Tokenization is splitting raw text into smaller units called tokens—these might be words, subwords, or individual characters.

![tokenization](img/token.png)

Humans can intuitively parse the text into `generative AI is fascinating and is the future`, but machines require explicit instructions to recognize word boundaries. Tokenization bridges this gap, enabling machines to identify and separate individual words or meaningful subunits within the text.

Let’s implement a basic word tokenizer using Python. This example will split a sentence into words and punctuation marks, demonstrating how tokenization structures raw text.

In [None]:
def simple_tokenize(text):
    tokens = []
    current_word = ""
    for char in text:
        if char.isalnum():
            current_word += char
        else:
            if current_word != "":
                tokens.append(current_word)  # Append the accumulated word.
                current_word = ""
            if char.strip() != "":  # Ignore whitespace.
                tokens.append(char)  # Append punctuation or other non-alphanumeric characters.
    if current_word != "":
        tokens.append(current_word)  # Append any remaining word.
    return tokens

# Example usage
sentence = "Generative AI is fascinating!"
tokens = simple_tokenize(sentence)
print(tokens)

['Generative', 'AI', 'is', 'fascinating', '!']


In [None]:
from nltk.tokenize import word_tokenize, sent_tokenize, RegexpTokenizer
from nltk.corpus import stopwords

# Sample text for tokenization
text = """
Natural Language Processing is a fascinating field! It combines linguistics, 
computer science, and artificial intelligence.

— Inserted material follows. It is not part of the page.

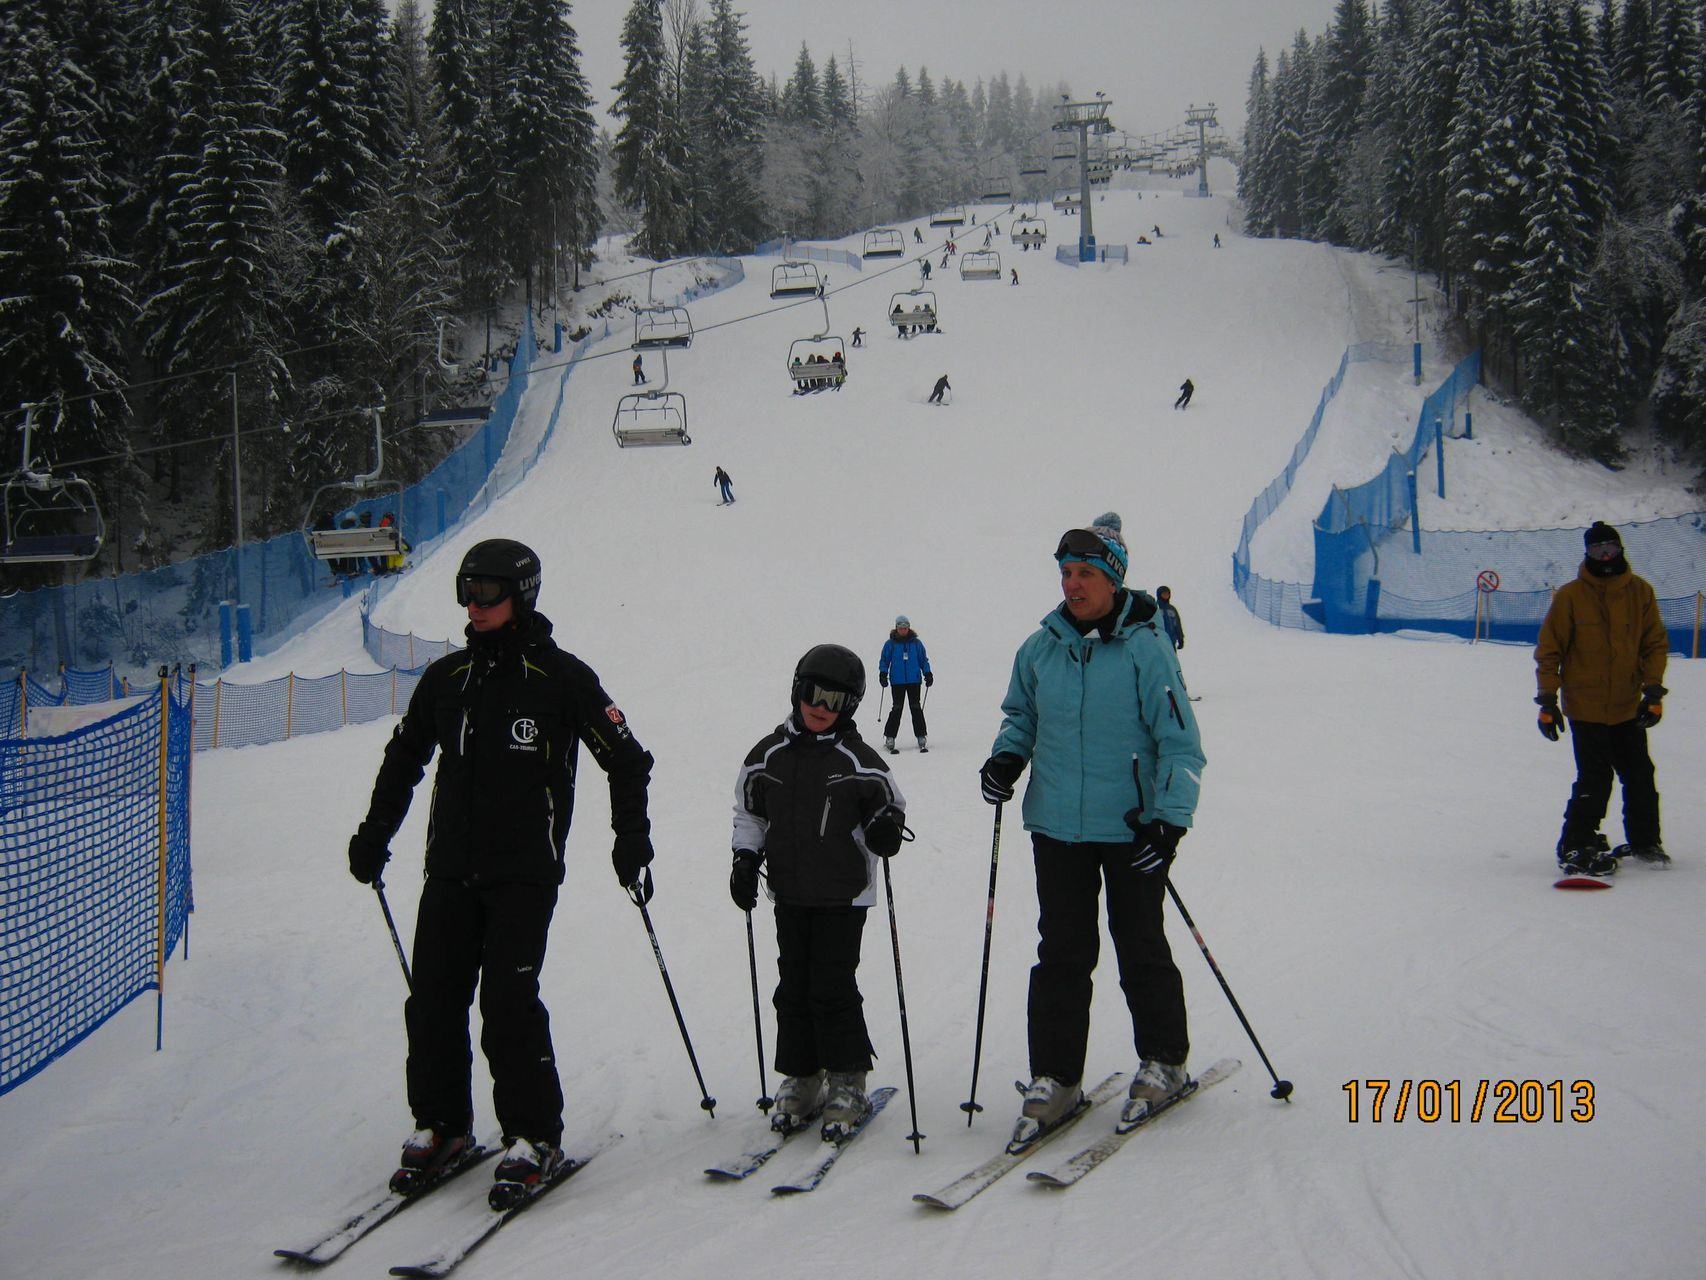 CarTourist_narty-snowboard_2013-foto-19

NLP helps computers understand 
human language. Isn't that amazing?
"""

print("📝 Original Text:")
print(text.strip())

# Sentence Tokenization
sentences = sent_tokenize(text)
print(f"\n📄 Sentence Tokenization ({len(sentences)} sentences):")
for i, sentence in enumerate(sentences, 1):
    print(f"{i}. {sentence.strip()}")

# Word Tokenization
words = word_tokenize(text)
print(f"\n🔤 Word Tokenization ({len(words)} tokens):")
print(words)

# Custom tokenization (only alphabetic words)
regexp_tokenizer = RegexpTokenizer(r'\w+')
clean_words = regexp_tokenizer.tokenize(text.lower())
print(f"\n🧹 Clean Word Tokens ({len(clean_words)} tokens):")
print(clean_words)

# Remove stopwords
stop_words = set(stopwords.words('english'))
filtered_words = [word for word in clean_words if word not in stop_words]
print(f"\n🚫 After Removing Stopwords ({len(filtered_words)} tokens):")
print(filtered_words)

# Show what stopwords were removed
removed_stopwords = [word for word in clean_words if word in stop_words]
print(f"\n🗑️ Removed Stopwords ({len(removed_stopwords)} tokens):")
print(removed_stopwords)

## 🛠️ Hands-On Practice: NLTK Stemming & Lemmatization

Stemming is a rule-based process that truncates words by removing common prefixes or suffixes. It’s quick and computationally simple, making it popular for tasks like document classification and search engine indexing.

![stem](img/stem.png) 

Lemmatization takes a more sophisticated route, mapping words to their base or dictionary form (a lemma). Unlike stemming, lemmatization typically requires knowledge of a word’s part of speech and may rely on morphological analyzers or lexical databases.

![lemma](img/lemma.png)

In [None]:
from nltk.stem import PorterStemmer, SnowballStemmer, WordNetLemmatizer
from nltk.corpus import wordnet

# Initialize stemmers and lemmatizer
porter = PorterStemmer()
snowball = SnowballStemmer('english')
lemmatizer = WordNetLemmatizer()

# Sample words for demonstration
words = ['running', 'runs', 'ran', 'easily', 'fairly', 'studies', 'studying', 
         'cries', 'crying', 'better', 'best', 'feet', 'geese']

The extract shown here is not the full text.